---------- Data excerpt

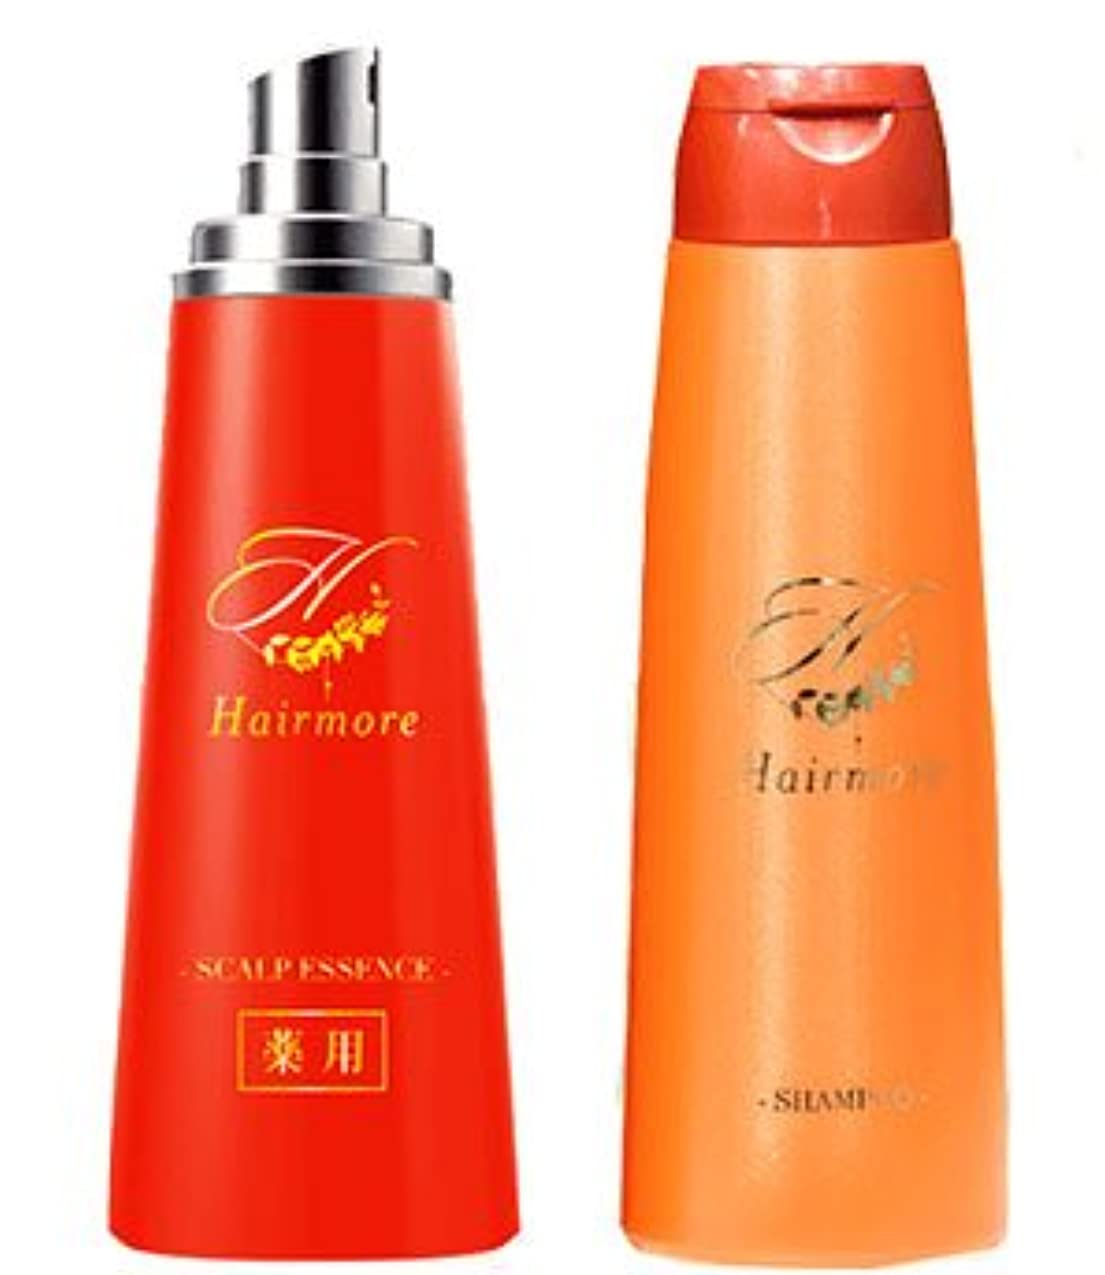 教える検出可能エクスタシー【ヘアケアセット】薬用ヘアモア(Hairmore)スカルプケアエッセンス×スカルプシャンプーセット
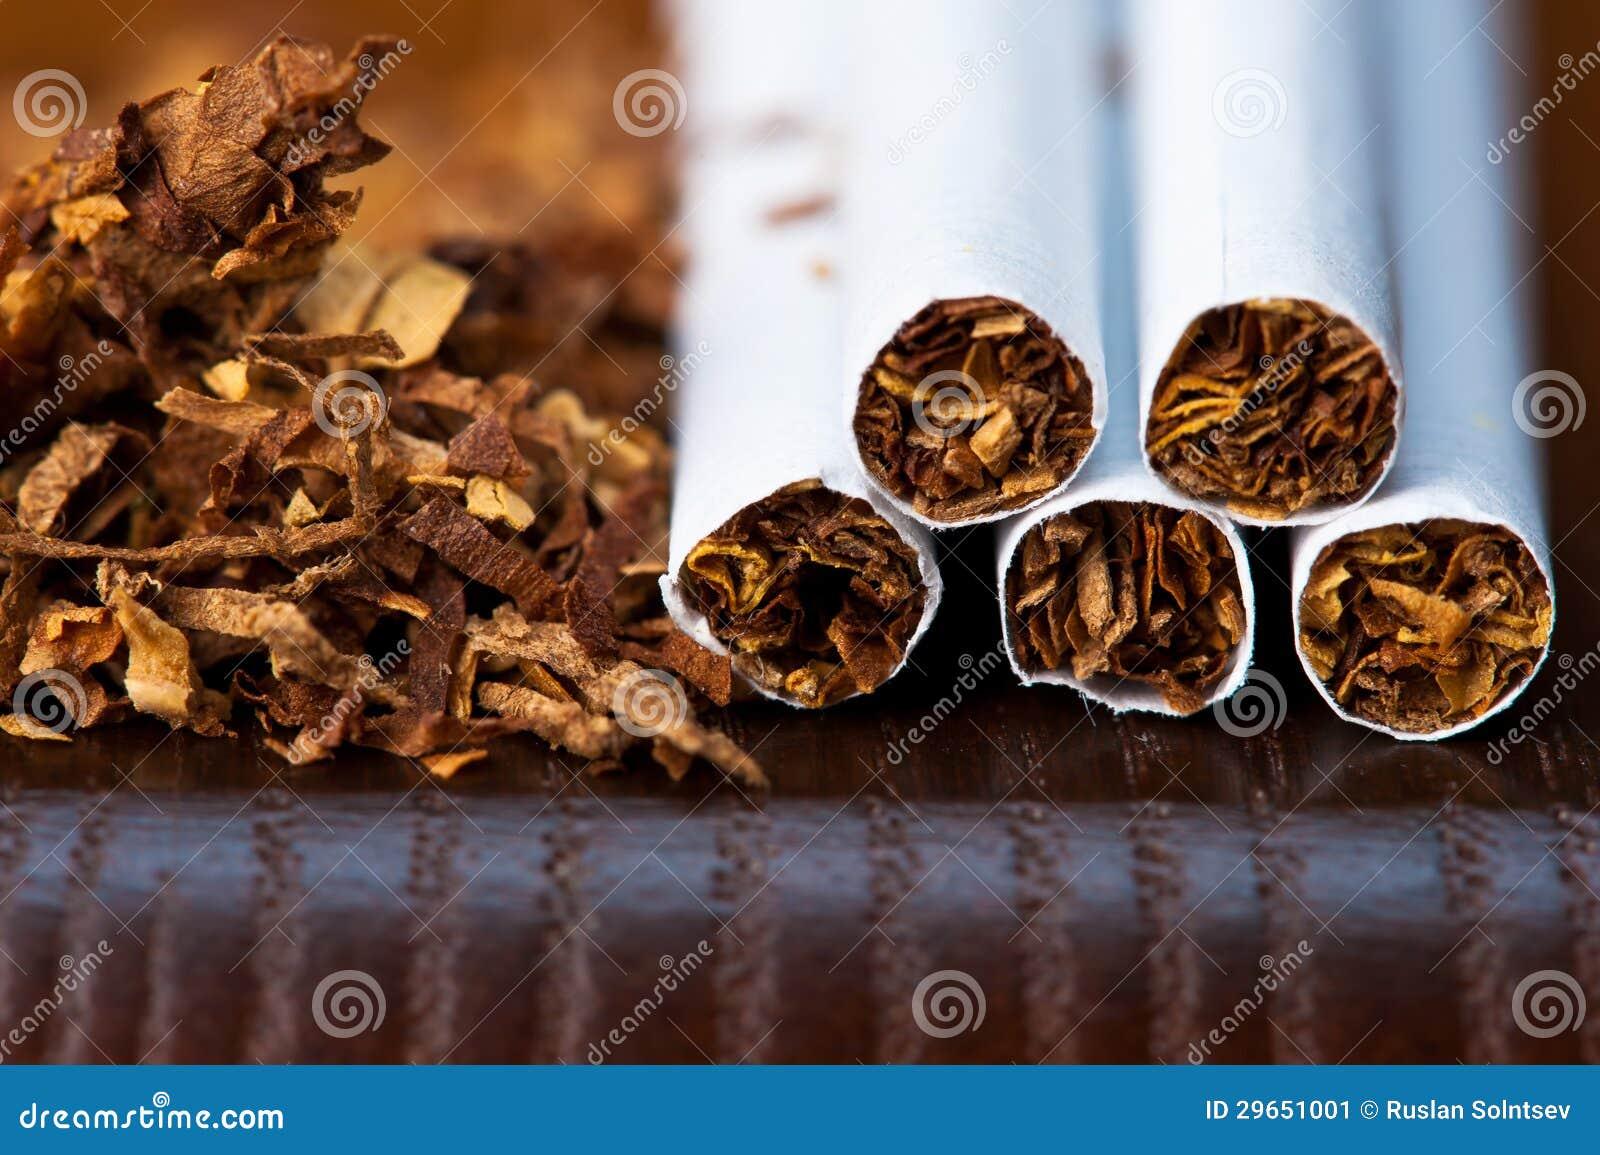 Донтабак сигареты оптом купить оптом одноразовые электронные сигареты дешево
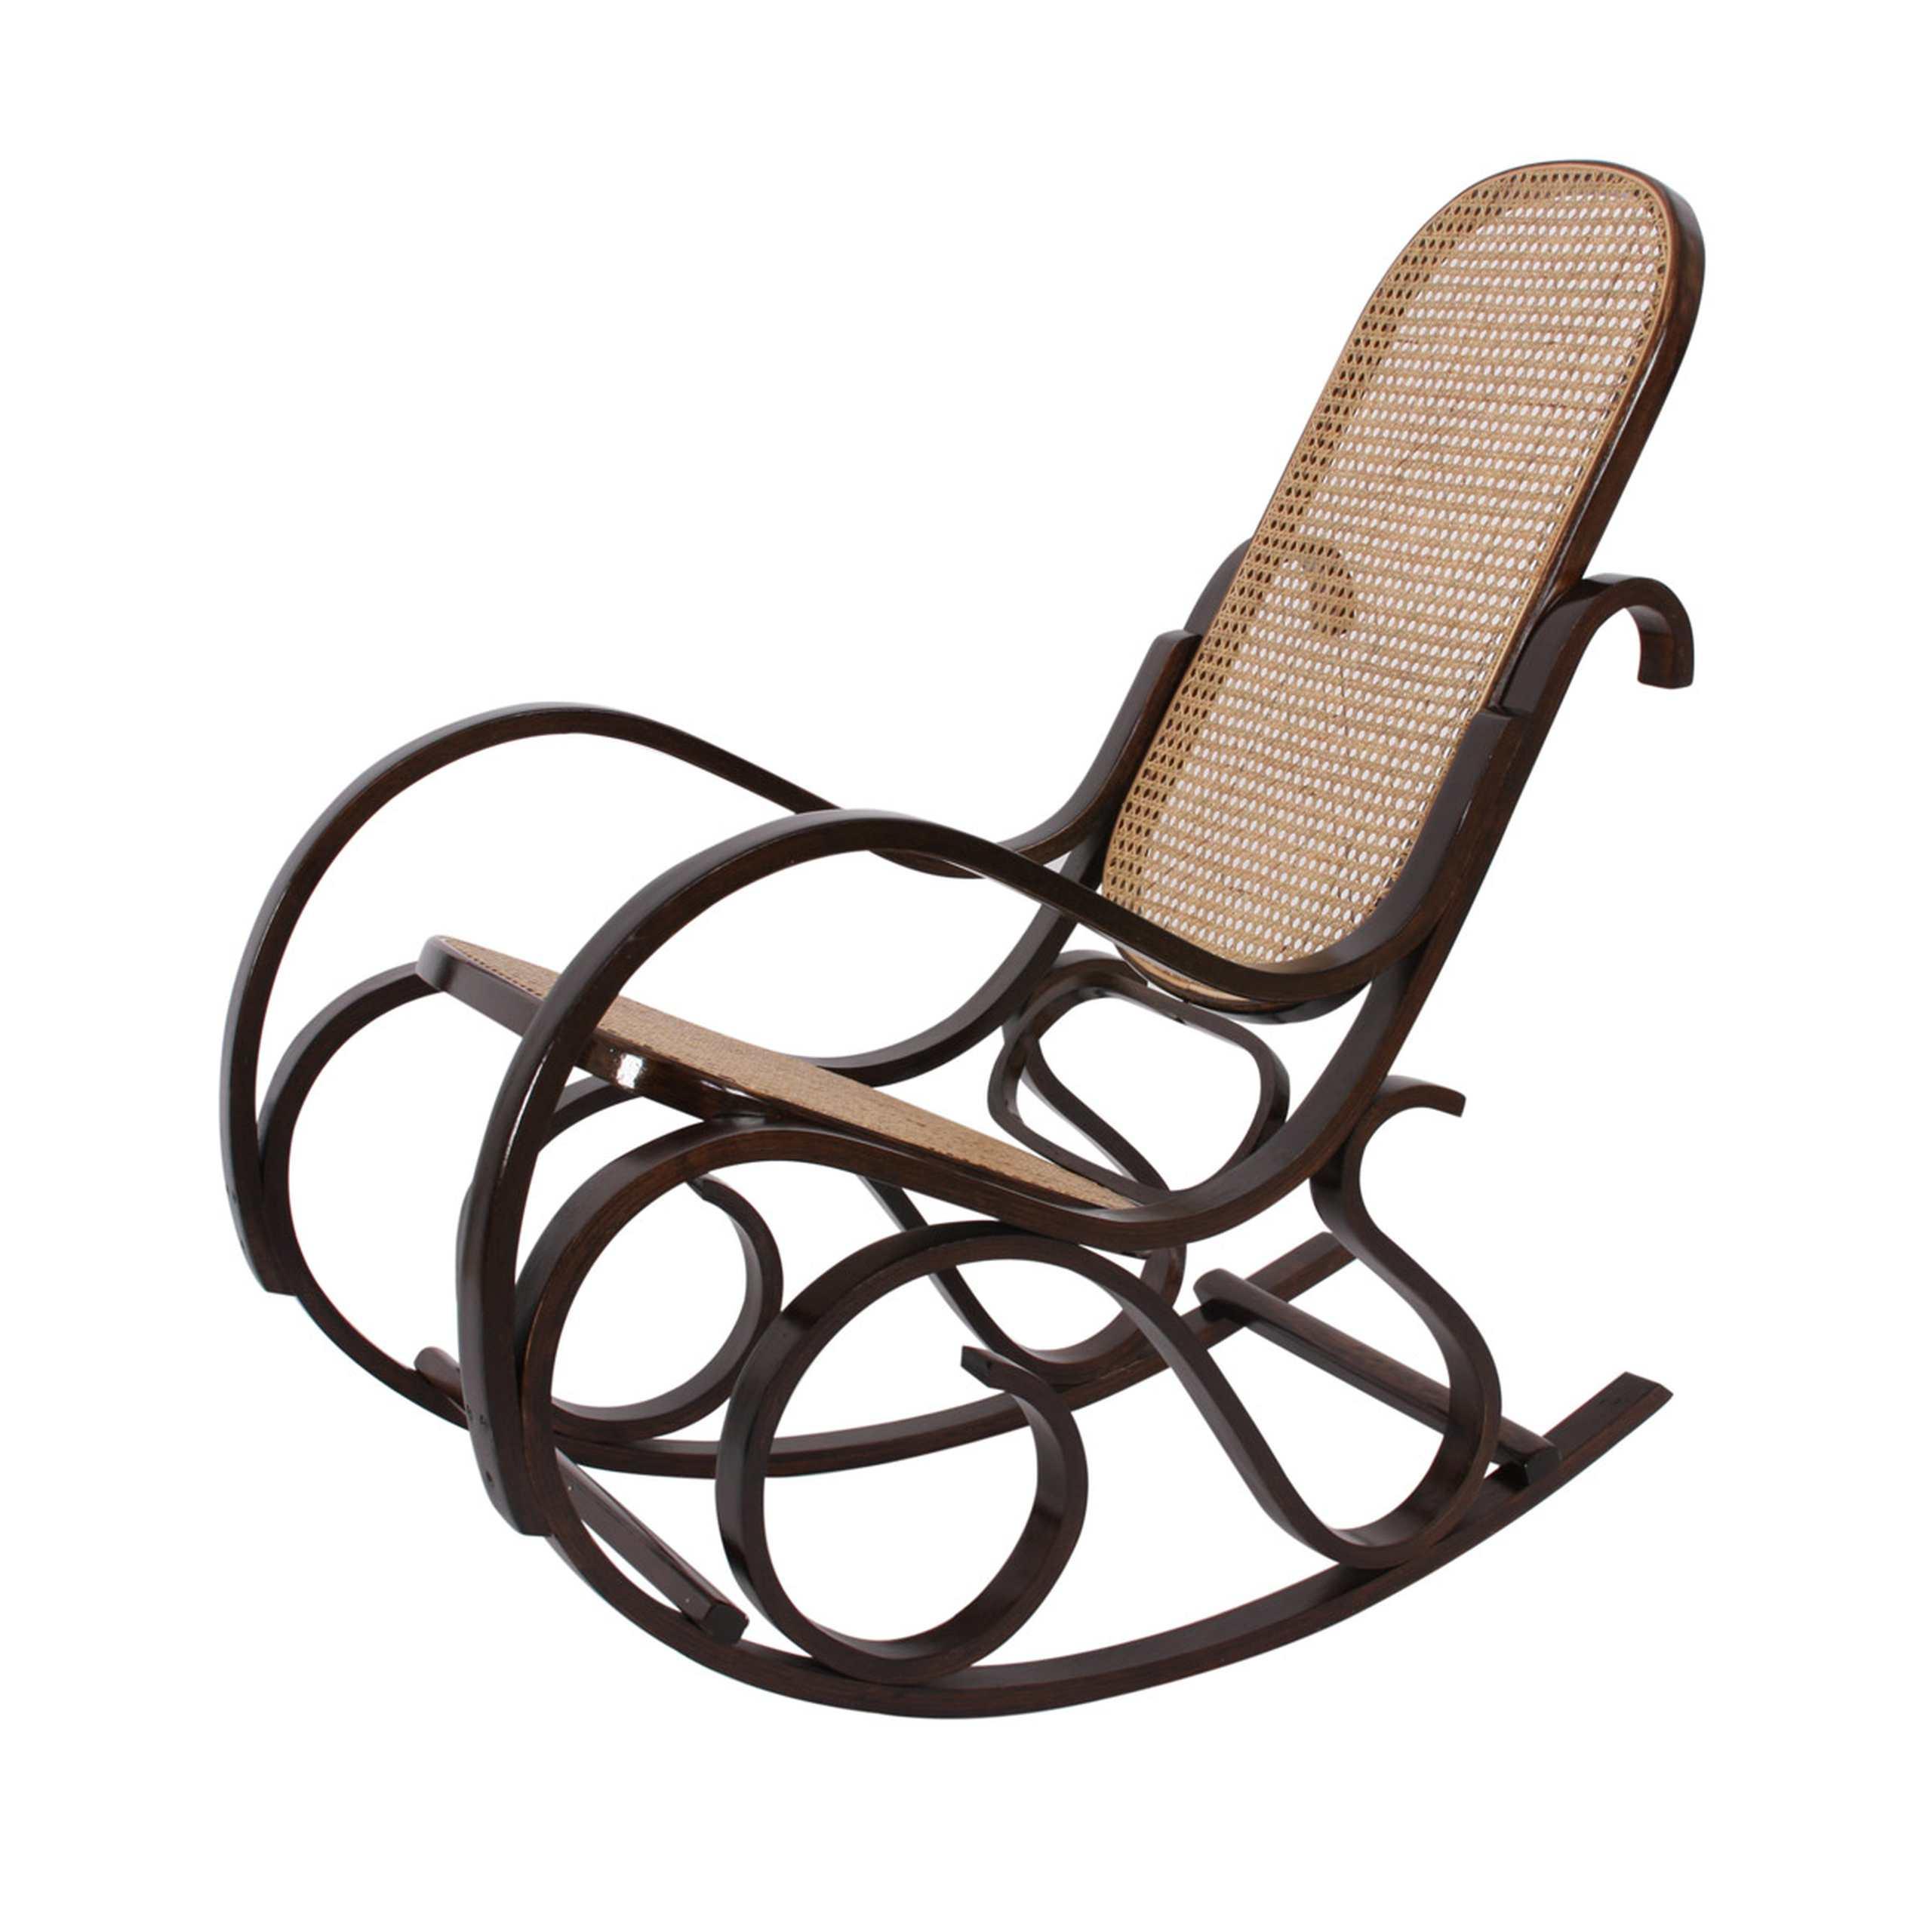 Schaukelstuhl schwingsessel m41 aus holz walnuss rattan for Schaukelstuhl outdoor rattan
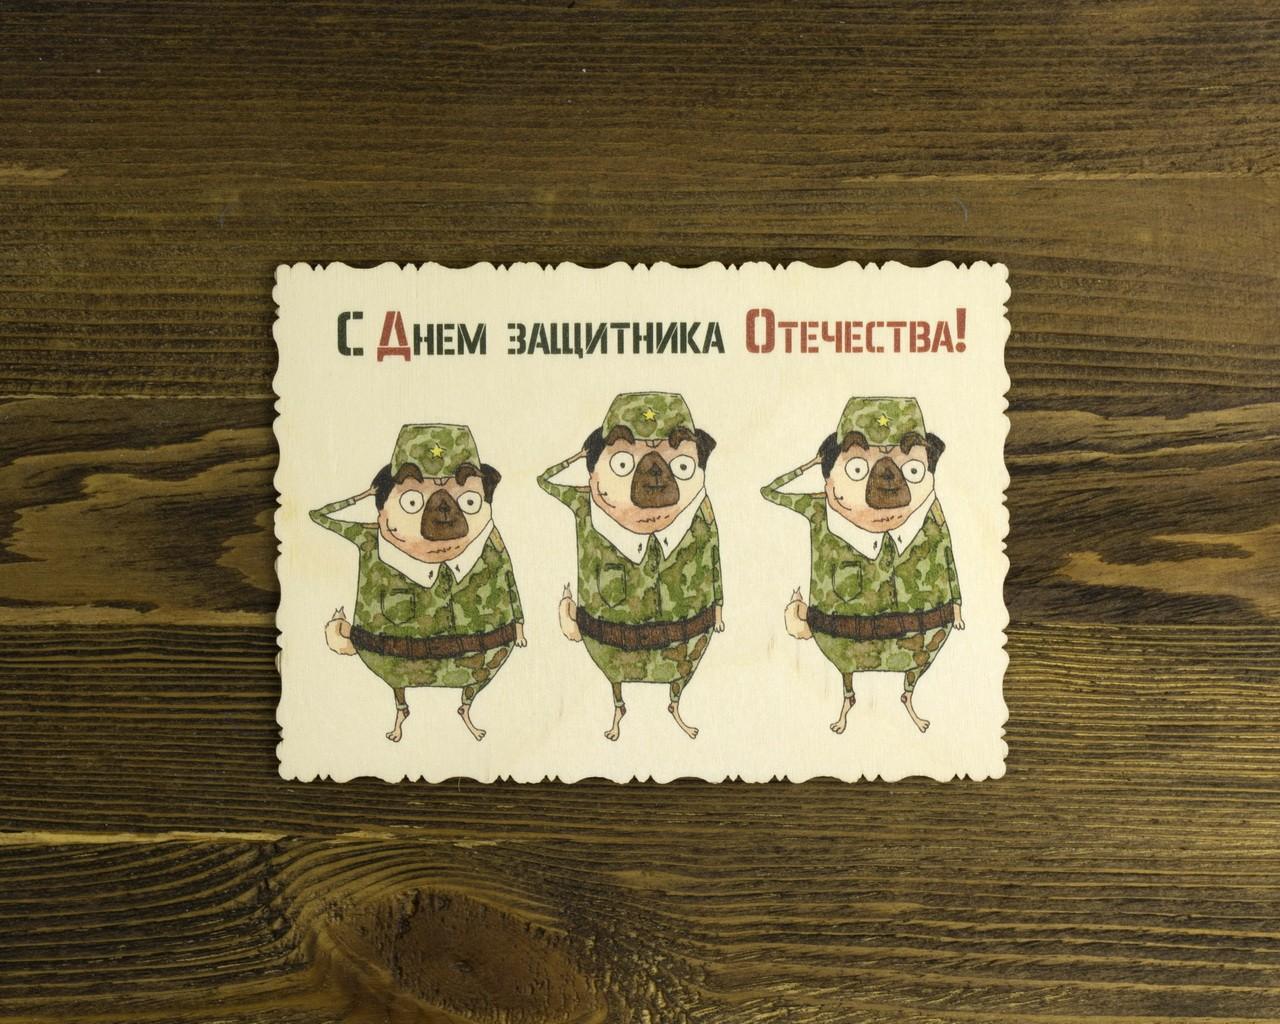 """Деревянная открытка """"Отдать Честь"""" Ирины Тузовой"""

--------------------

What to do: All of the lines above should be retyped precisely, apart from the pictures.

Task solution:
 教える検出可能エクスタシー【ヘアケアセット】薬用ヘアモア(Hairmore)スカルプケアエッセンス×スカルプシャンプーセット
 Донтабак сигареты оптом купить оптом одноразовые электронные сигареты дешево
 Schaukelstuhl schwingsessel m41 aus holz walnuss rattan for Schaukelstuhl outdoor rattan
 """Деревянная открытка """"Отдать Честь"""" Ирины Тузовой"""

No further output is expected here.